# Homework Help: Radioactive decay equilibrium when decay constants are equal

1. Sep 17, 2006

### siifuthun

I need a refresher on calculus need to derive this equation, the question is:

A --> B --> C
and where decay constants:
http://img183.imageshack.us/img183/4403/aki2.jpg [Broken]
Derive an expression for the activity of B as a function of time.

So what I'm having trouble with is changing the derivation for the number of N when lambda_A = lambda_B so that I derive the activity of B.
Normally we would have:
http://img157.imageshack.us/img157/3501/ajh6.jpg [Broken]
But because of the condition, we have to go about it differently. So setting the decay constants equal to each other:
http://img182.imageshack.us/img182/192/asa5.jpg [Broken]

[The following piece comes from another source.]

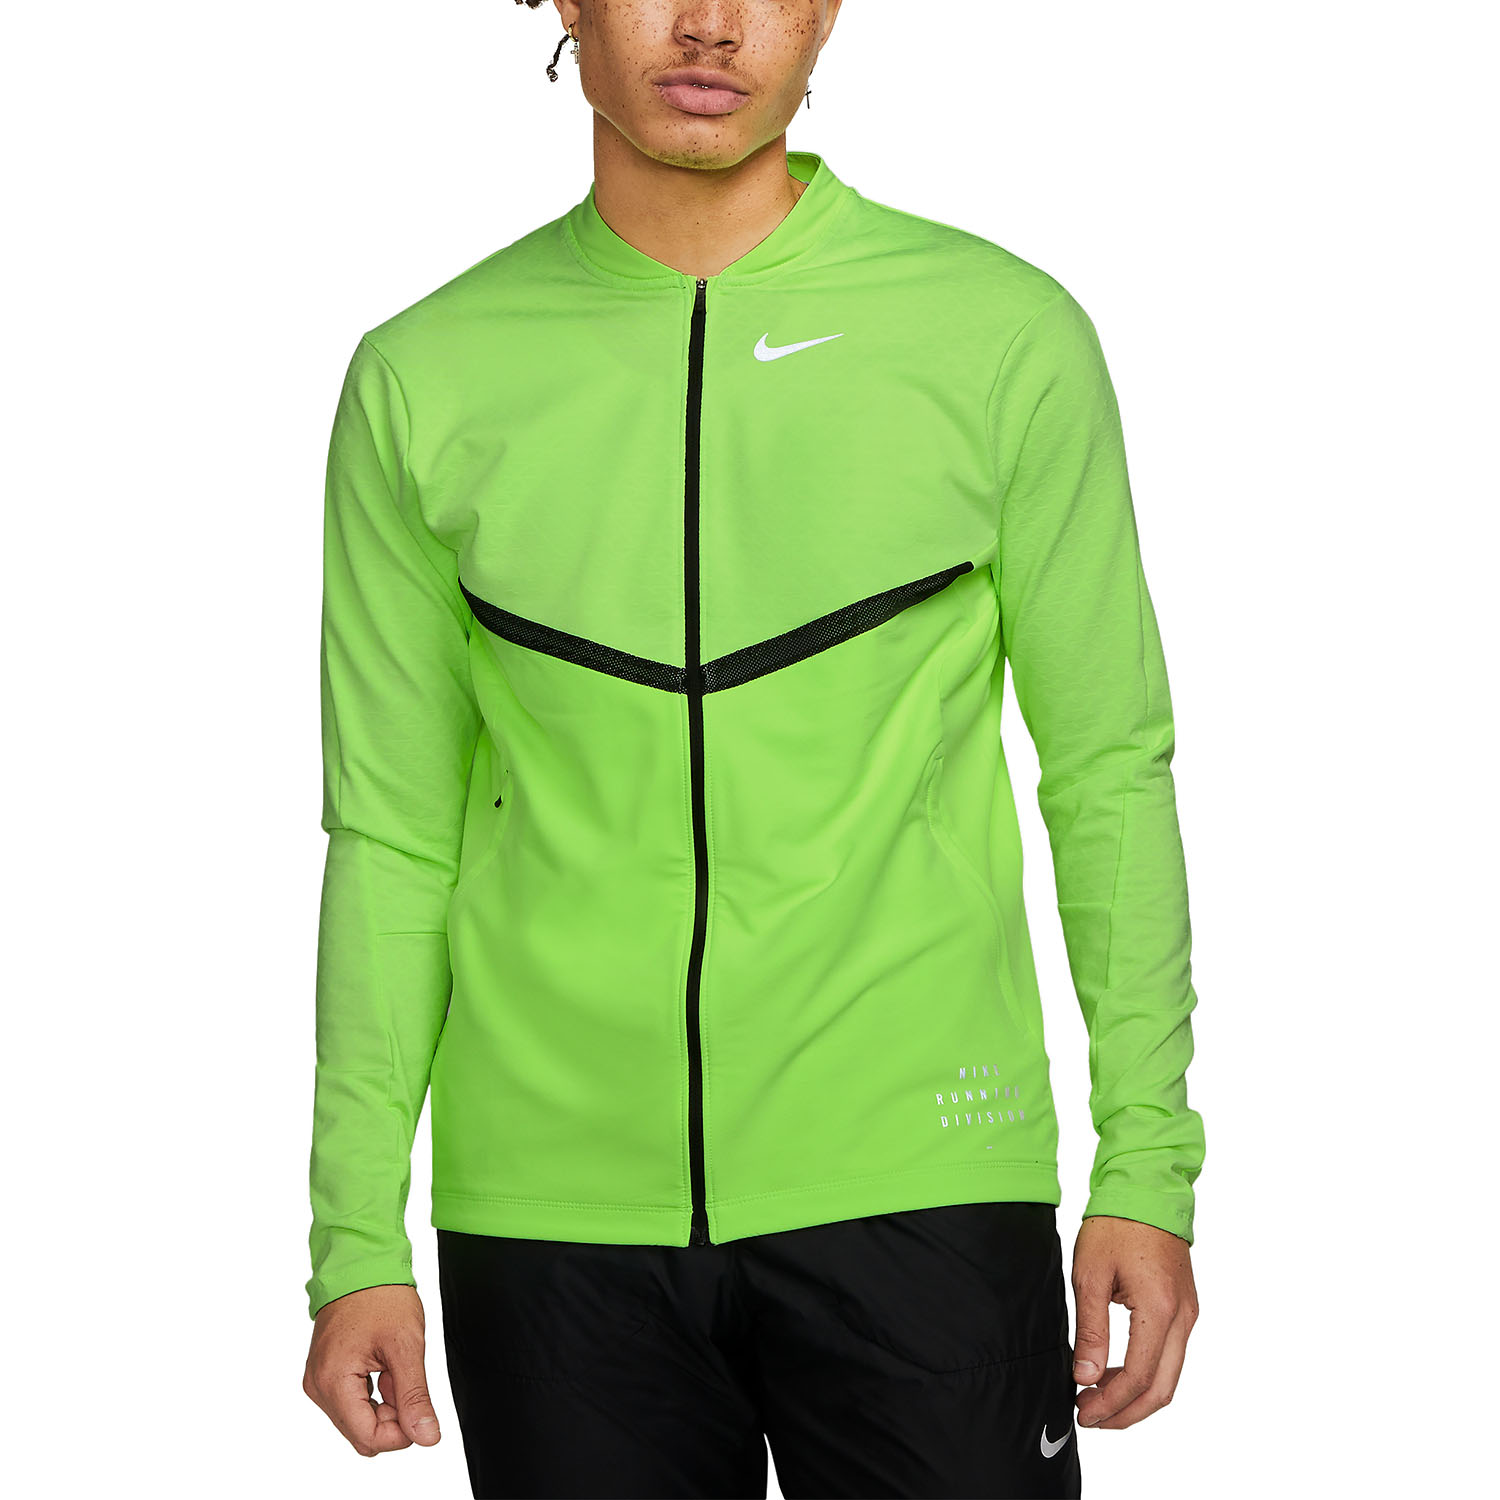 Nike Dri-FIT Run Division Men's Running Shirt - Ghost Green
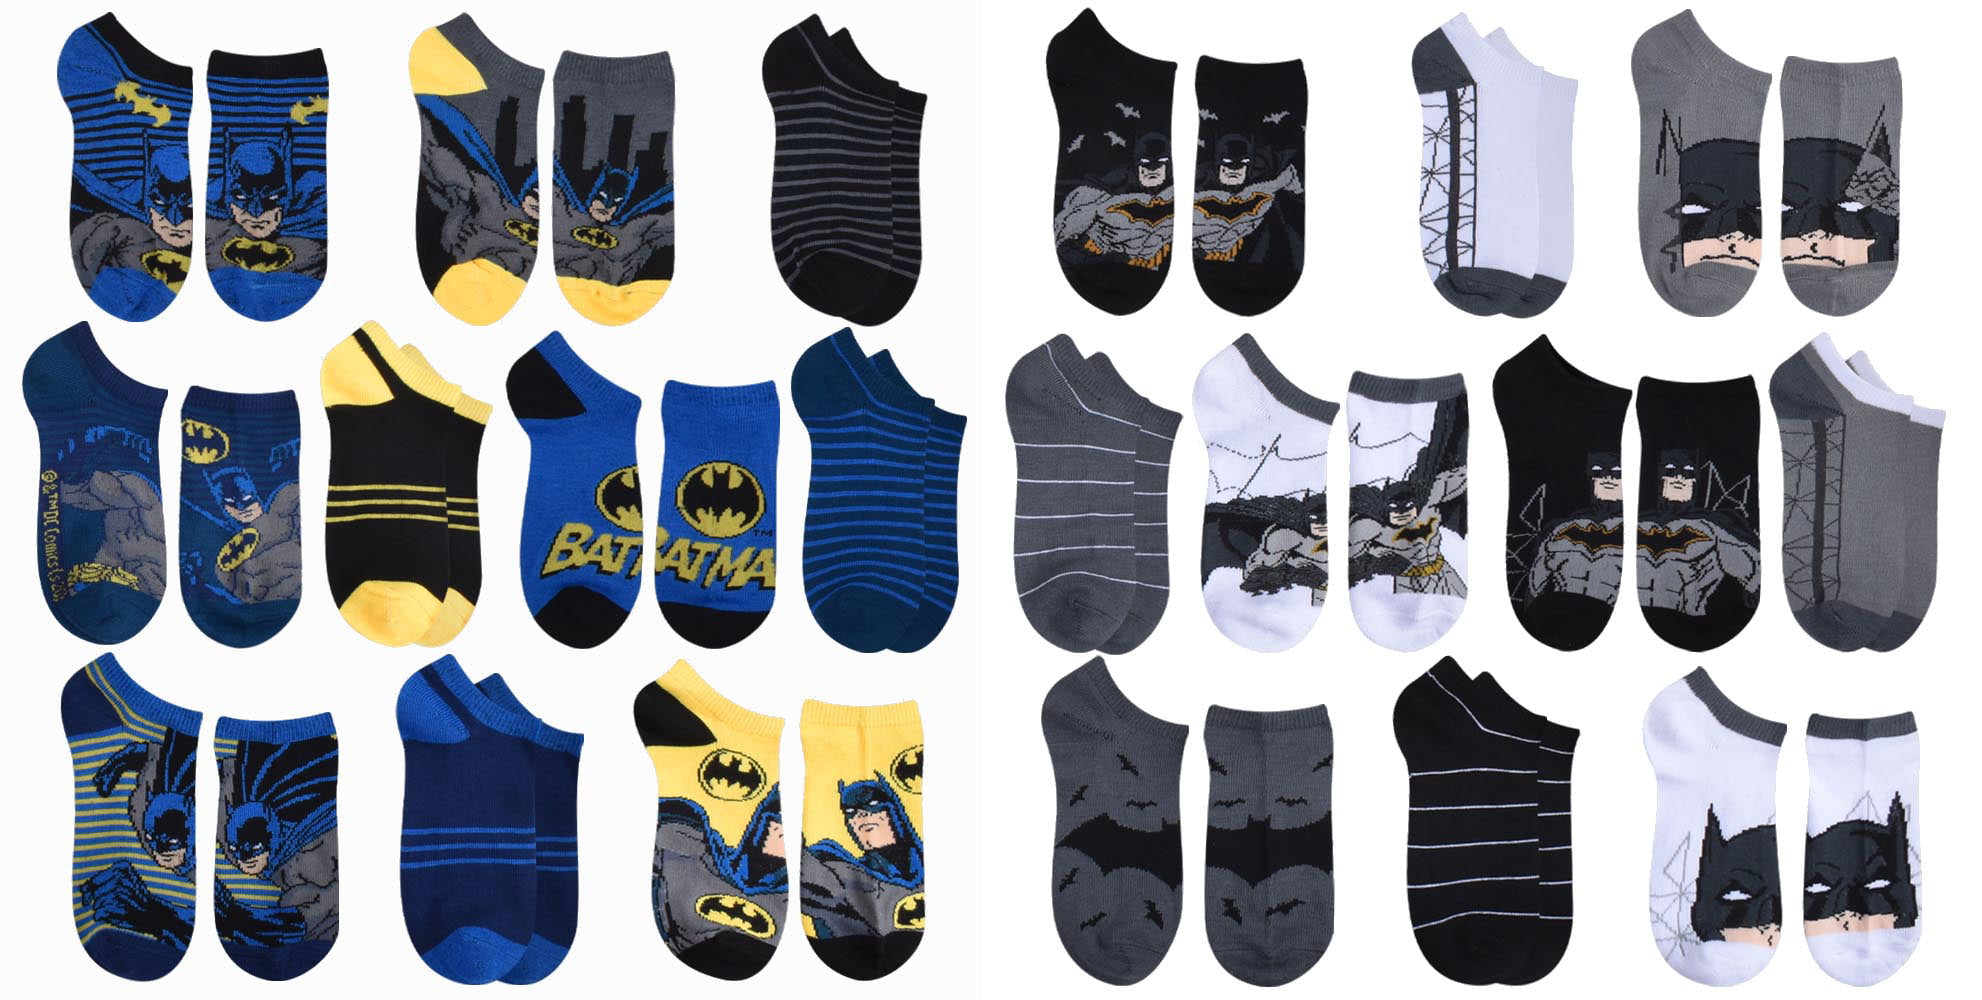 Batman Boys Socks, 20 Pack No Shows, Sizes S (4-6) - M (6-8) - Walmart.com

And this is where I get a little stumped trying to change the derivation. When lambda_A doesn't equal lambda_B, the derivation ends up with:
http://img226.imageshack.us/img226/1602/akk1.jpg [Broken]

The problem I'm having is that I'm not sure what has to be done differently in the original derivation to solve for activity, my calculus skills are a little rusty so if anyone has any suggestions or advice, it's greatly appreciated.

Last edited by a moderator: May 2, 2017
2. Sep 18, 2006

### Astronuc

Staff Emeritus
$$dN_B\,=\,\lambda_A\,(N^0_A\,e^{-\lambda_At}\,-\,N_B)\,dt$$

$$\frac{dN_B}{(N^0_A\,e^{-\lambda_At}\,-\,N_B)}\,=\,\lambda_A\,dt$$

which seems problematic.

But the expression on the left can be written

$$\frac{e^{\lambda_At}dN_B}{(N^0_A\,-\,e^{\lambda_At}N_B)}\,=\,\lambda_A\,dt$$

On the other hand, one does not find two radionuclides in a successive decay scheme having equal decay constants.

3. Sep 18, 2006

### Gokul43201

Staff Emeritus
There's two approaches to figuring this out (the easy way and the harder way).

The harder way is to look for solutions to the differential equation you've finally arrived at.

The easy way is to find the limit of the solution given for the general case, as $\lambda _B \rightarrow \lambda _A$

Hint: Write $\lambda _B = \lambda _A + \delta$ and find the limit of the first term of the general result (the one for unequal lambdas) as $\delta \rightarrow 0$. Use the Taylor expansion for the small exponential, and the limit pops out quite happily.